When I was younger I received five dollars a week for being a good boy. I don't think I was a good boy, I should've probably gotten 3.75$ after calculating damages, swear words, lies etc. Never the less I saved my money to buy a hamster, yes, a hamster. All I really knew was that at the mall there was a cheap red marker sign at the pet store that said, "Hamsters 40$." I remember going up the escalator and seeing them all, they looked like little piglets. Assuming my math is correct I waited a whole two months before I had enough, and I had all the money stored away in a small teal and black Grizzlies (basketball team) velcro wallet.
I don't remember what day it was that I realized the money was gone. I just remember misplacing the wallet sometime, and finding it on the pink single seater couch in the living room that no one ever sits in. There was no money left in it. For some reason I didn't care, I was nonchalant about it, like I never cared and the money never existed. The wallet ended up in the basement with all my other childhood things and has stayed there ever since.
Yesterday I woke up to the smell of pancakes and I went downstairs to see them getting cold. I flopped two onto a plate and buttered them up. There was no syrup and I got tired of spraying what little of it there was left onto my pancakes, so I went into the basement to get more.

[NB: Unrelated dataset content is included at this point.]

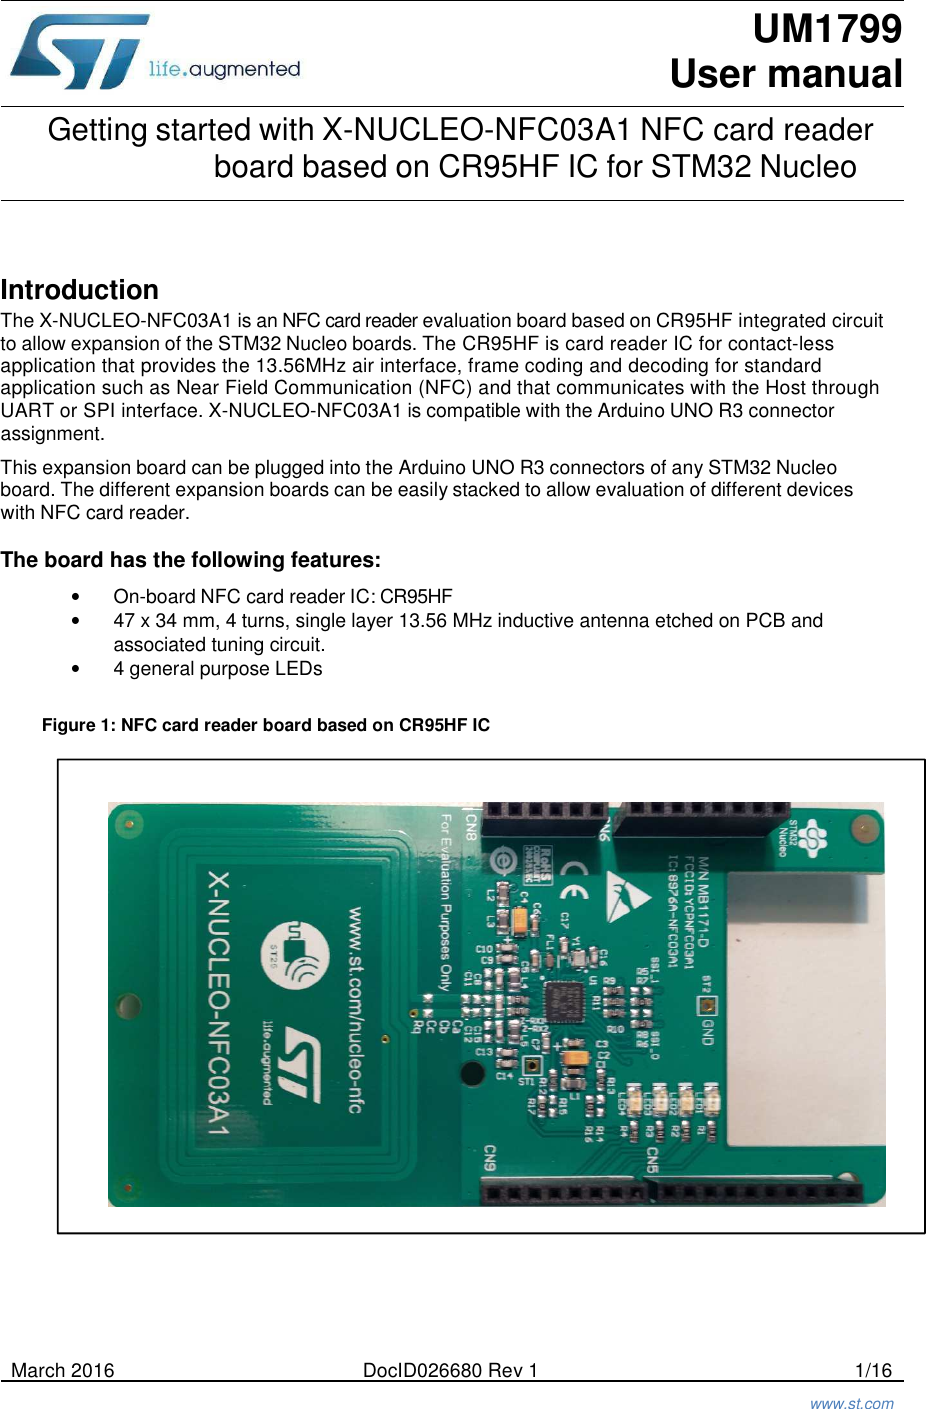 UM1799 User manual  Getting started with X-NUCLEO-NFC03A1 NFC card reader board based on CR95HF IC for STM32 Nucleo     Introduction The X-NUCLEO-NFC03A1 is an NFC card reader evaluation board based on CR95HF integrated circuit to allow expansion of the STM32 Nucleo boards. The CR95HF is card reader IC for contact-less application that provides the 13.56MHz air interface, frame coding and decoding for standard application such as Near Field Communication (NFC) and that communicates with the Host through UART or SPI interface. X-NUCLEO-NFC03A1 is compatible with the Arduino UNO R3 connector assignment.  This expansion board can be plugged into the Arduino UNO R3 connectors of any STM32 Nucleo board. The different expansion boards can be easily stacked to allow evaluation of different devices with NFC card reader.  The board has the following features:  • On-board NFC card reader IC: CR95HF • 47 x 34 mm, 4 turns, single layer 13.56 MHz inductive antenna etched on PCB and associated tuning circuit. • 4 general purpose LEDs   Figure 1: NFC card reader board based on CR95HF IC                                  March 2016  DocID026680 Rev 1  1/16    www.st.com 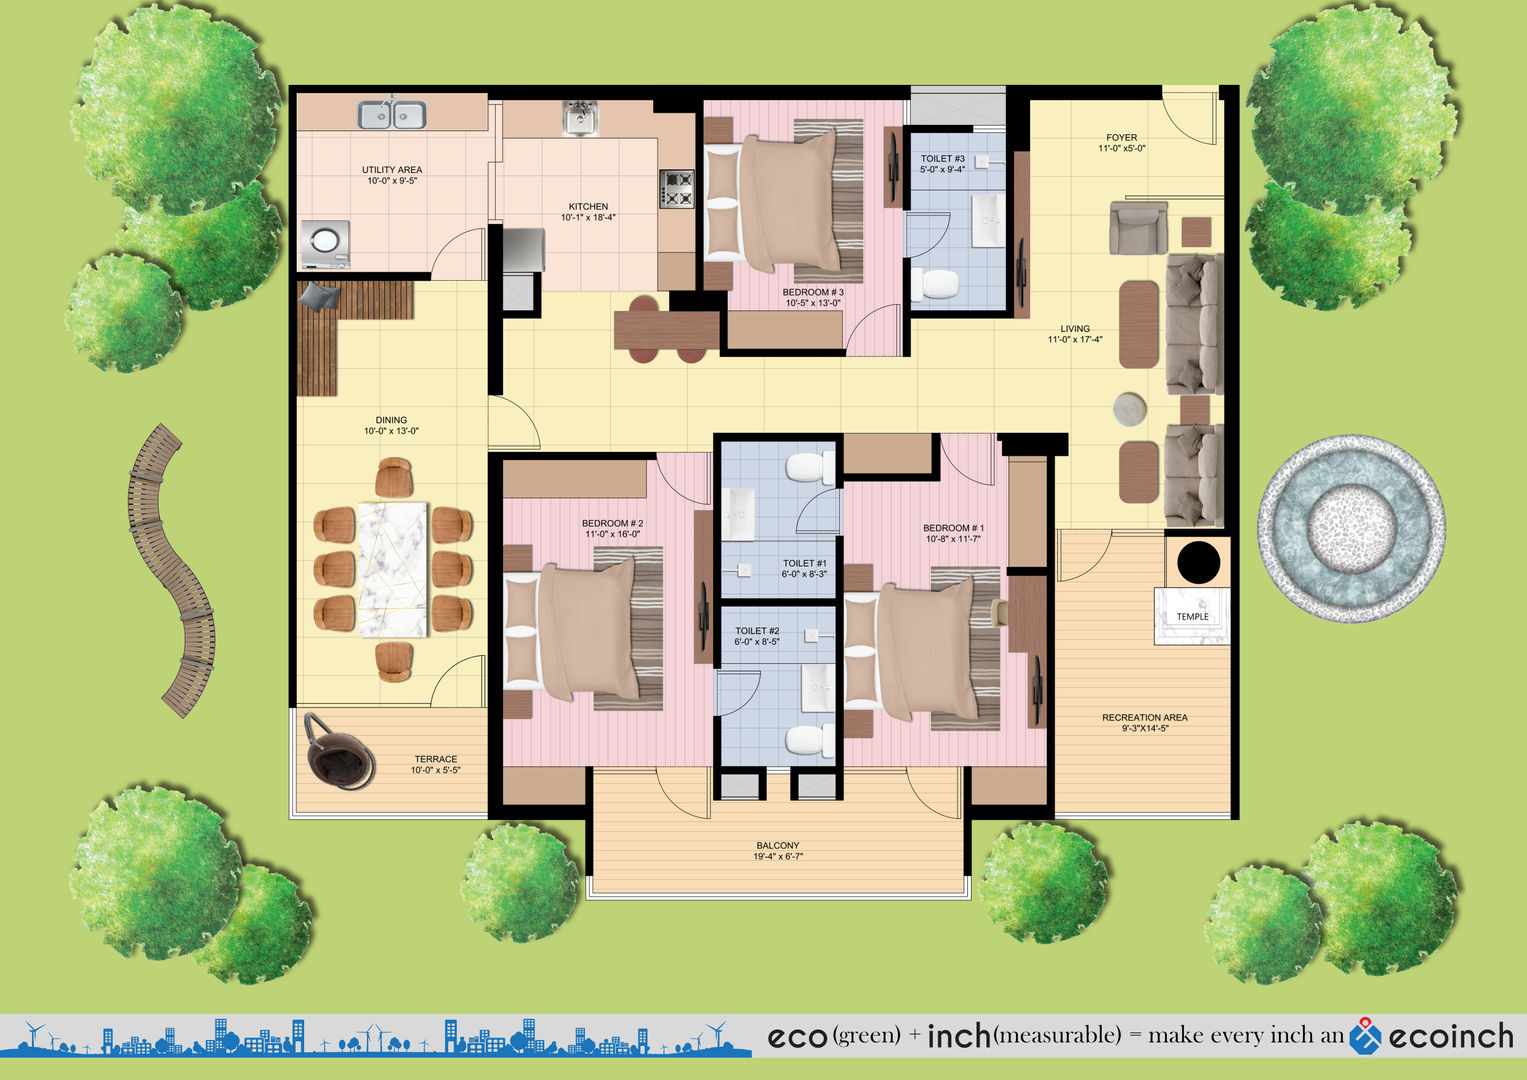 Final Floor Plan Ecoinch Services Private Limited Modern houses

Our pantry is really sad, its just a metal shelf with canned goods and Vienna sausages piled in rag tag order. I took my time to look it over, there was no syrup. But I spotted the Grizzly wallet on the shelf next to it.
I had a huge inclination to check the wallet, to see if my 40$ hamster money was still in it, but I think that now that I'm older and money seems to mean so much more to me, that I couldn't bare to see absolutely nothing in it. I did pick it up, test out the velcro, even pinched it stupidly to feel for what contents it might of accumulated over the past 12 years. I just put it back exactly where I found it, made my way upstairs, forgot to turn off the basement light, and ate my pancakes with honey instead. Why can't money be a side effect of a good life and not a prerequisite?